As I close, let me quote from last month: "As I close, let me just say that I am not convinced, like everyone else seems to be, that the 'low is in' and 'the bear is dead'. Maybe it is, and I'll surely be on the long side if it is going up, but until proven otherwise, I'm always ready to be on the short side whenever the setups come together." I hope what I showed today demonstrates the above concept. It's all about the setups, not about what I think, fundamentally, and over time, is most likely to play out.
As a final thought, let me comment briefly on this month's chart of the month. There is a key area overhead that the S&P may not even reach, but if it does, it is the most critical to me since the move up. I chose to show it a bit differently because there are various key lines coming together in the area. I also added just the main .618 retracement along with a possible ABCD 1.000 price projection, which hit right on top of that. All this is just a broad framework, and my work will be much more detailed and refined if the area is approached.
Nonetheless, the area is clear, and I will be watching that spot very closely if approached, because if that doesn't turn the market back down, I would be expecting new all-time highs would be hard to hold back.
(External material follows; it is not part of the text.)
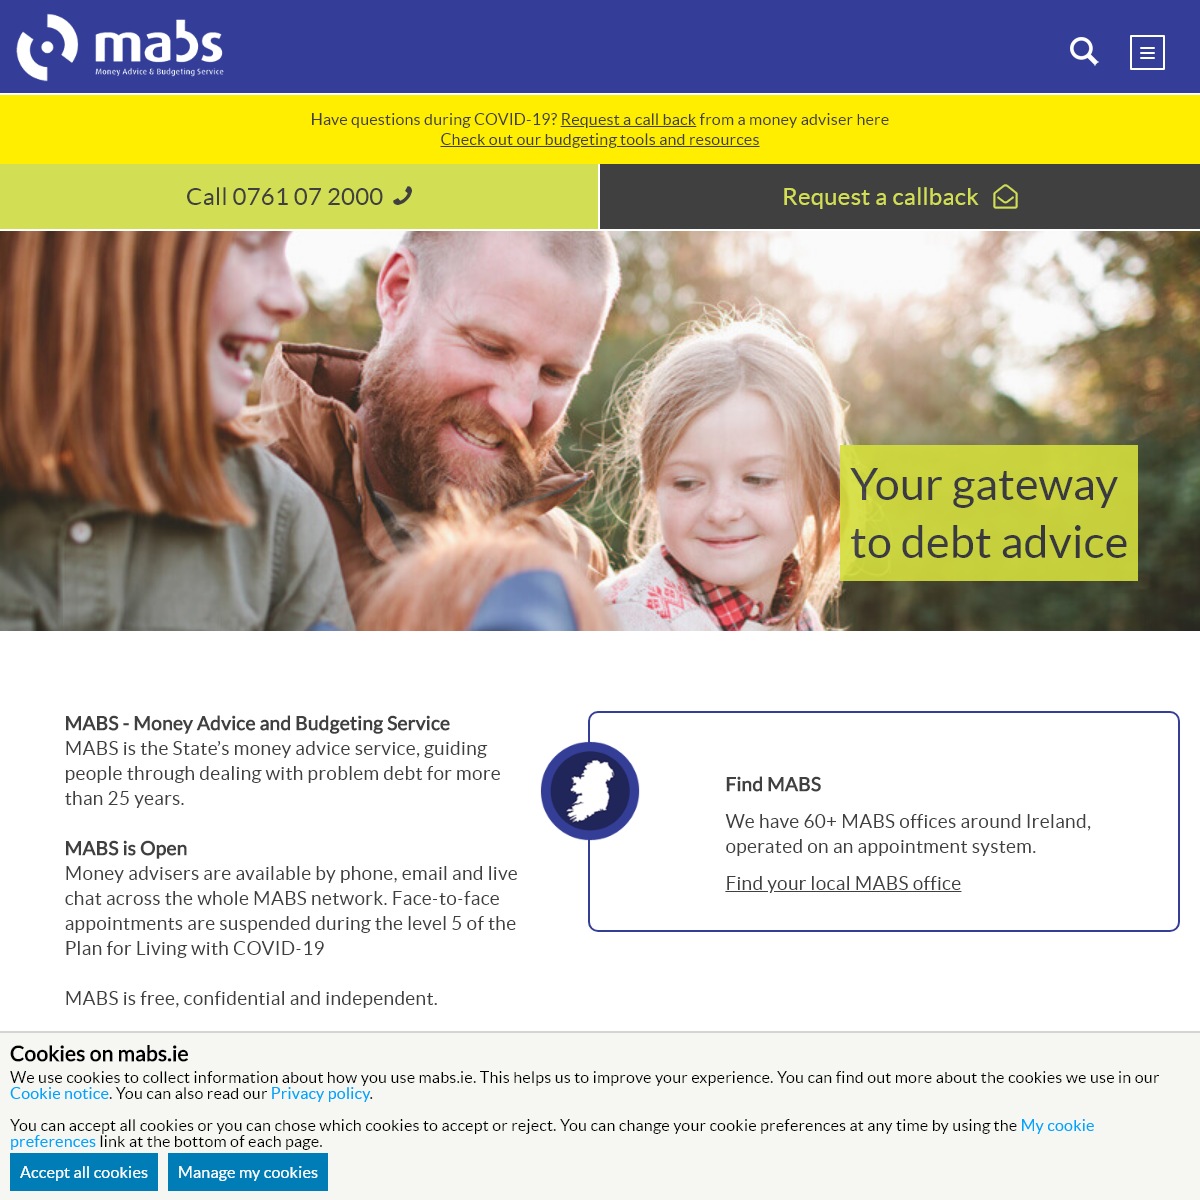 A complete backup of mabs.ie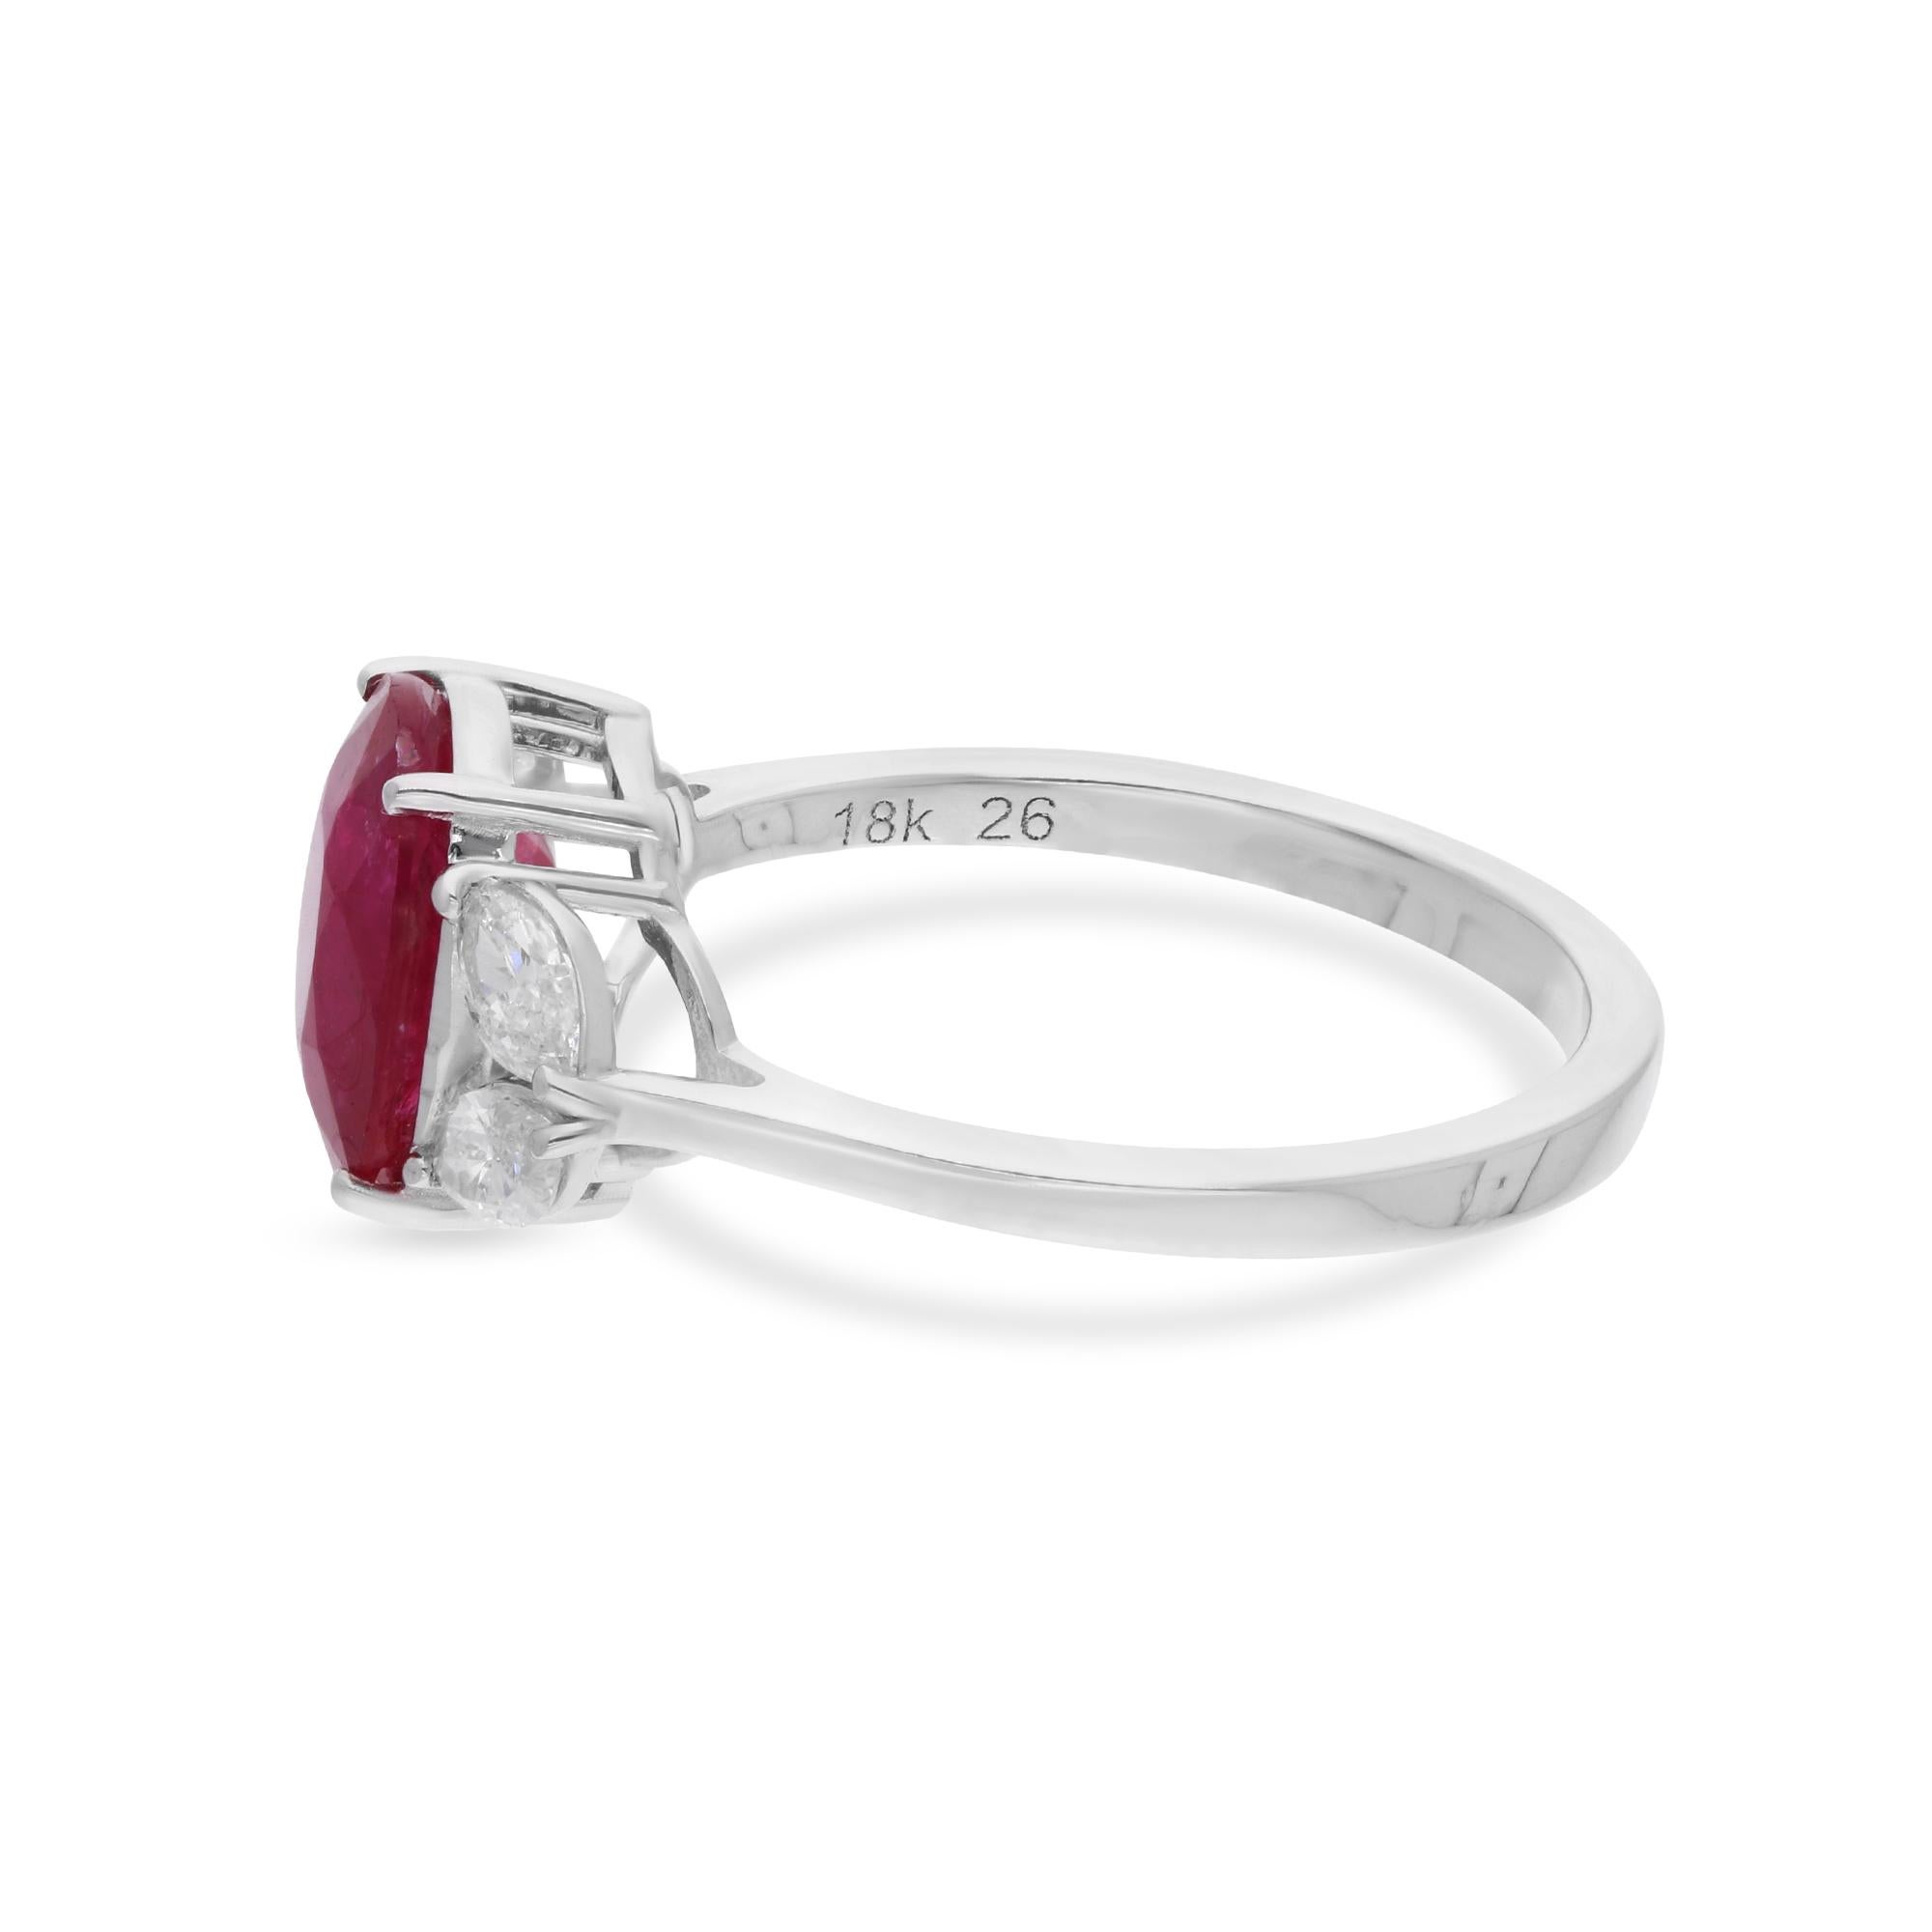 Immerse yourself in the luxurious allure of this Natural Ruby Gemstone Cocktail Ring, adorned with exquisite marquise diamonds and meticulously crafted in 18 karat white gold. This stunning piece of fine jewelry is a celebration of sophistication

As it is, the trannies are almost back at new all-time highs, and if the S&P did get up to that spot, I'd think the trannies would be smokin' at new highs, and that's not good for the bear case. If it wasn't for those darn pesky almost as bad as the great depression fundamentals hanging over our heads like the sword of Damocles. I know a bull climbs a wall of worry, but this isn't worry, this is like worse than a wall of paranoid schizophrenia....
The next commentary will be next month's edition, posted by Sunday evening, June 1, 2008.